As we learn new things, we are trying to grab that data and update our models so that they reflect new information and then certainly things are changing, right? You saw the impact of social distancing when there were official shut-down orders, and quarantine orders, right, and that had much more of an influence on the trajectory than when once everywhere opened up pretty similarly. There have been both new insights and new data that we need to remodel and reconsider and then there have been underlying changes in how things are spreading and how people and policy have changed.
Barr: Yes. Do you know of any concrete examples of how your resource has influenced policymaking?
Motsinger-Reif: I have one really fun example of public health folks in Ohio working with companies. Apparently, utilities in Ohio, and I didn't know this at all, are competitive. In North Carolina, we've got only one gas company, one electric company, and that's the one I use, but in Ohio, they compete, and they have people knock door-to-door with flyers and advertisements and they use the debate that in these areas the risk was too high and that they shouldn't have people going door-to-door. It was one kind of fun example, and it was somebody that reached out entirely because of the dashboard and we talked about it and she wanted to make sure she was interpreting things right. They sort of stopped that kind of door-to-door canvassing in a particularly high-risk area.
Barr: That's really good! I am very happy. What are your plans for this resource?
Motsinger-Reif: We are committed to continually updating the data types and that modeling. Our immediate goal is a commitment to making sure we're continuing to document and get the word out. We've got an initial curriculum drafted for some of the local schools. There are some schools in Wake county here that are working with high school students to learn about modeling and math and some of the computer science that goes into it as well as learning about some immediate plans to make sure our models stay up-to-date. We are thinking about new data types so that we are increasing the documentation and dissemination in a way that's useful.
Barr: You are building a lot of your visualizations on ArcGIS. Have you been happy with ArcGIS and how did you choose that particular platform versus other visualizing programs like Tableau?
Motsinger-Reif: This was entirely because it's what was already up and going—like building off of tools that were already developed. The easiest tool is the one you know regardless of sort of its actual advantages and disadvantages. Some of it was just that natural: the team knows how to work with this tool, it was under development, and so we're just going to keep going with what we know.
Barr: That's great. Well, I think now might be a really wonderful time to see some of y'all's work and to get a better sense of it. [Motsinger-Reif to share screen.]
Motsinger-Reif: Is that up for you?
Barr: Yes, it is.
Motsinger-Reif: Good. When I change, when I share a screen, it always changes the ratio, the visualization ratios here, so I'm actually just going to sort of go back. On VPN and across Teams this is not the site slowness. this is my internet slowness.
Barr: No problem. The internet has been slow. I think it’s so many people being on at one time. I guess while we're waiting, we can talk about have you primarily been working at home or on campus or a combination and what has that experience been like?
Motsinger-Reif: I have been doing a combination. When I work on campus, I'm very low risk. I have got an office, and I can go close that door there. We have two young kids at home that are doing virtual school and one is seven and the other one just now two, so explaining to a two-year-old that you need the office, the home office, to yourself isn't always easy, so it's been nice to be able to be in different spaces though I am at home today. You figure it out like everybody is. It's been nice to go a little bit back and forth.
[Presentation on Dashboard shared on screen.] I will show you a quick example here: This is the dashboard. You see that it loads a map of the United States and it is colored by the overall PVI (pandemic vulnerability index). I'm going to walk there and show you an example: I am in Wake County. Let’s start with how you interpret. I keep getting a bad network quality warning here, but here we go.

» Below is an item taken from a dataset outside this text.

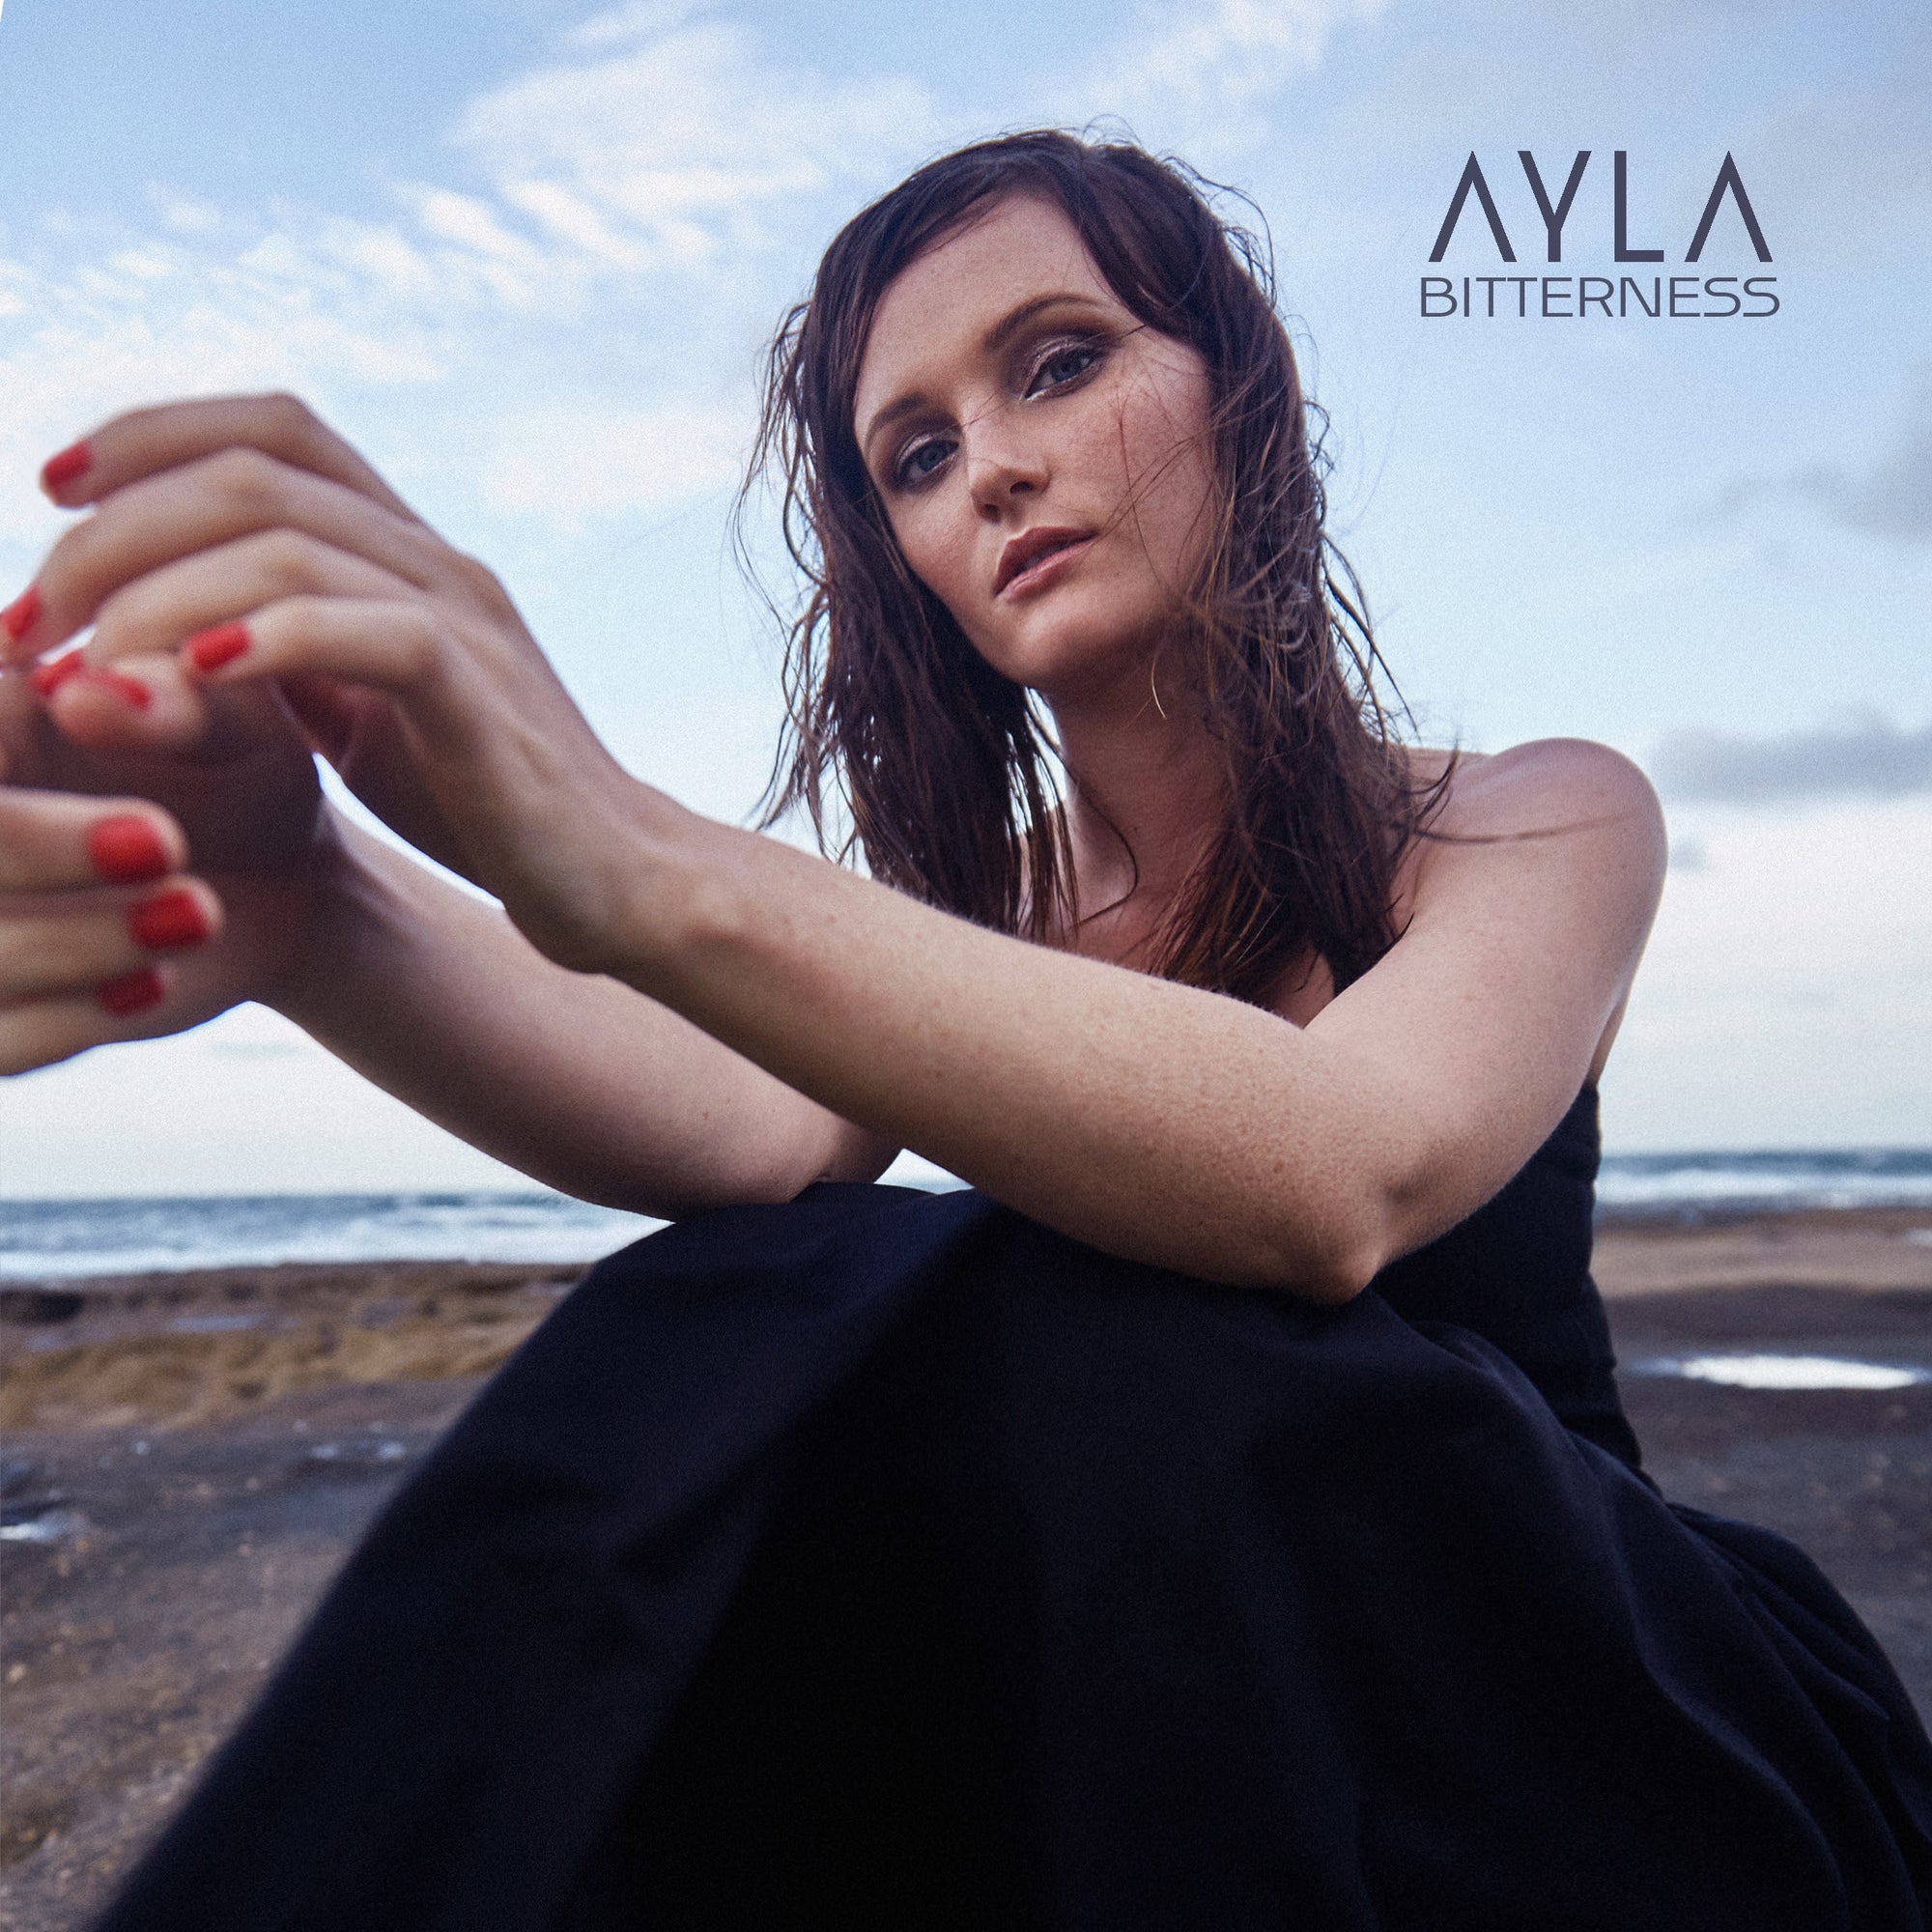 AYLA - 'Bitterness'

This is the radar chart that you mentioned, and it's a pie chart. There are many advantages to this, one of them being that we can display both the magnitude of vulnerability and, of course, each of the data streams. When you talk about cleaning it and how you process data, the PVI is calculated sort of all rank based, so we don't have to worry about distributions. And it naturally handles missing data and some of those issues but, basically, each data source and we have pulled in numbers. So, you will see here listed infection, measures of infection, and data about the population concentration and mobility at baseline, how many, what's the traffic and connectivity, and how many people commute, what's daytime and night time density, some of that kind of thing. Then, the daily updates on social distancing and testing rates locally and then those demographic data and then there is the pie chart.
Barr: How is the overall score deduced? By averaging all these different numbers next to the different data stream or by another way?
Motsinger-Reif: So, it actually adds up over the ranks. For each one of those data streams, I can rank all 3000 plus counties from sort of lowest values to highest values and I can do that in context of each one of the data streams, and then it sums over those ranks. What the radar graph is showing is in all cases the bigger the piece of the pie, the slice of the pie indicates the higher risk. So, things like in green here the population density measures the denser population, the higher the risk of spread and basic infectious disease knowledge, the larger the piece of the pie. for Wake county, for example, it shows you your relative concentration compared to the rest of the country. The pie chart, the overall size of the slices shows the relative magnitude and then the coloring will show you the source of that. The PVI itself is the area of the overall size of the slices added up and then you can visualize what's the risk source.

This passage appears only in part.